This document describes a simple analysis of the differences in photometric calibration between chips in the prototype Tomo-e PM camera.
The data used in this analysis was taken with the 8-sensor prototype Tomo-e PM camera, during the period Mar 15 to Apr 14, 2016. The eight sensors were arranged in a line stretching across the focal plane.
I used the results of the transient search pipeline to conduct these tests. The stars found in each image were calibrated astrometrically against the UCAC4 catalog, and a subset of stars in the range $9 < V < 15$ were used to calibrate the photometric measurements. The calibration was performed in two ways, which provides two different types of information:
Note that I compared the UCAC4's V-band magnitudes to the unfiltered Tomo-e measurements.
In the graphs below, the y-axis shows the difference between the instrumental magnitude and the UCAC4 V-band magnitude of stars in each image. There are thousands of images taken by each chip during a single night, so there will be thousands of symbols. The values for a single chip will vary over the course of a night, due to changes in extinction as the field(s) rise and set, and due to changes in transparency.

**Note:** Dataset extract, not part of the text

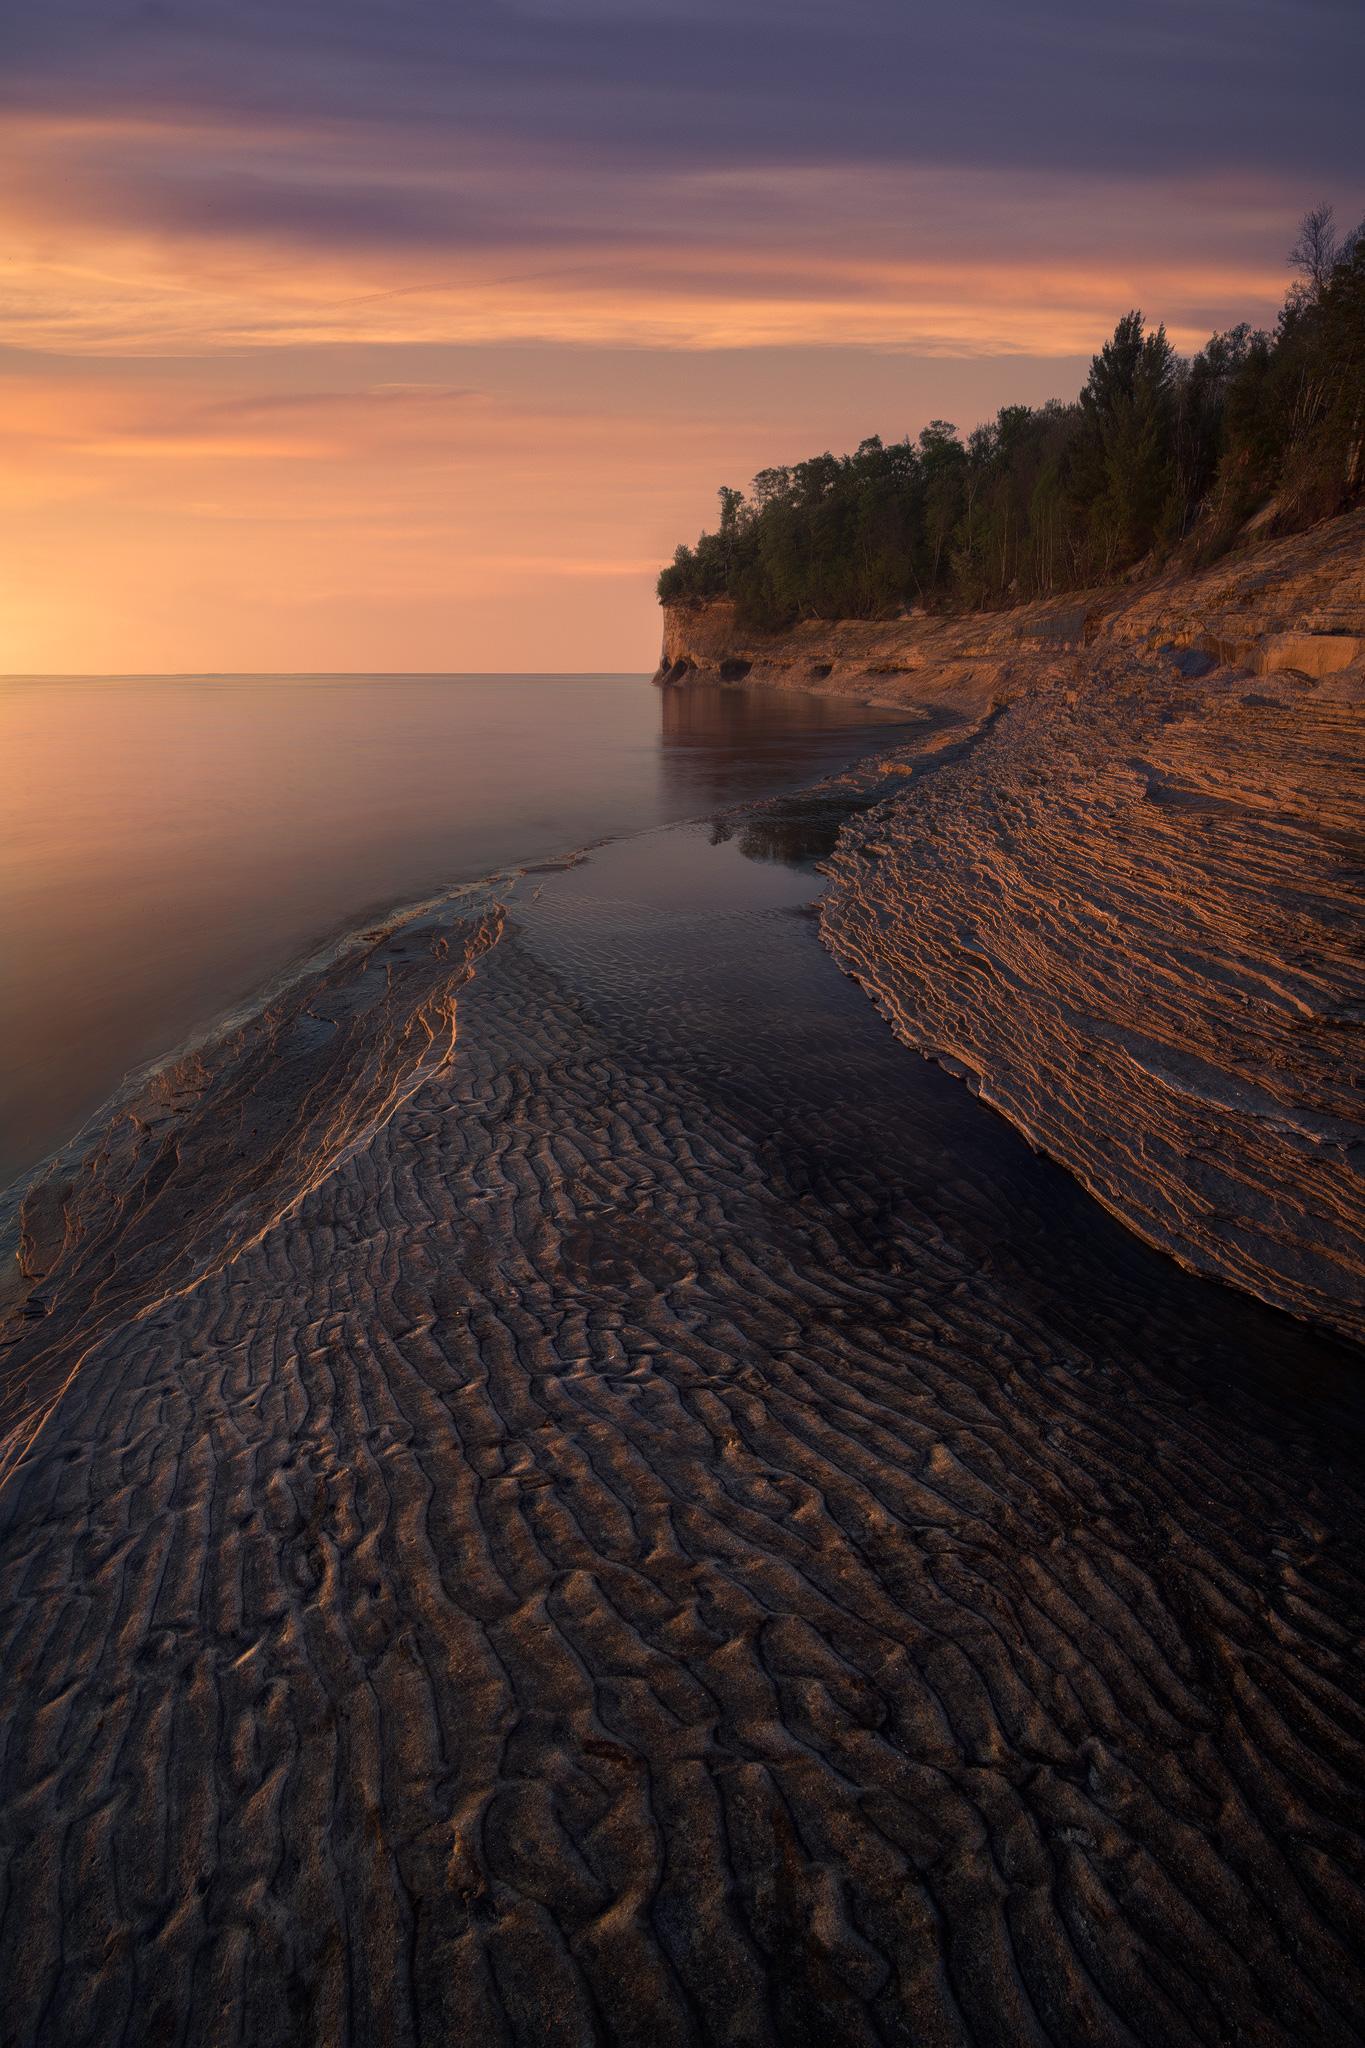 """Jurassic Coast""    Irix 11mm, Pictured Rocks National Lakeshore 2018"

The first graph compares the offsets for the 8 chips on two nights. Note that the chips near the edges of the focal plane, chips 0 and 7, have the largest offsets. The pattern of these offsets looks very similar on the two nights, suggesting that the offsets are due in part to vignetting.
The second graph compares the offsets for the 8 chips on all eight nights for which we have measurements. I've offset the symbols for each night horizontally by a small amount, and changed the color of the symbols for each night as well.
The patterns are very similar on all 8 nights.
The zero-point differences between ensemble and catalog magnitudes is not a useful quantity, as it can be biased by the exact choice of the brightest star included in the ensemble. But the scatter in the relationship between ensemble and catalog magnitudes is interesting: it describes how uniform the zero-point relationship is across a single sensor.
Below are graphs showing this quantity for each chip over the course of two nights: 0315 and 0414. Note that the scatter is considerably smaller in the central chips than in the outer ones, especially chip 0.
The same quantity is shown below for all 8 nights, using a different color for the measurements on each night.
I belive it is possible that the increased scatter for the outer chips is not only a consequence of vignetting -- which reduces number of photons and hence S/N of every star -- but also due to an increase in chromatic aberration and off-axis distortions in shape. Recall that we are comparing UCAC4 V-band magnitudes to the instrumental magnitudes of unfiltered Tomo-e measurements. If the outer chips suffer from significant chromatic aberration or distortion, stellar images may have significantly different SHAPES on different sides of a single image; that could yield a bias in aperture photometry across the chip.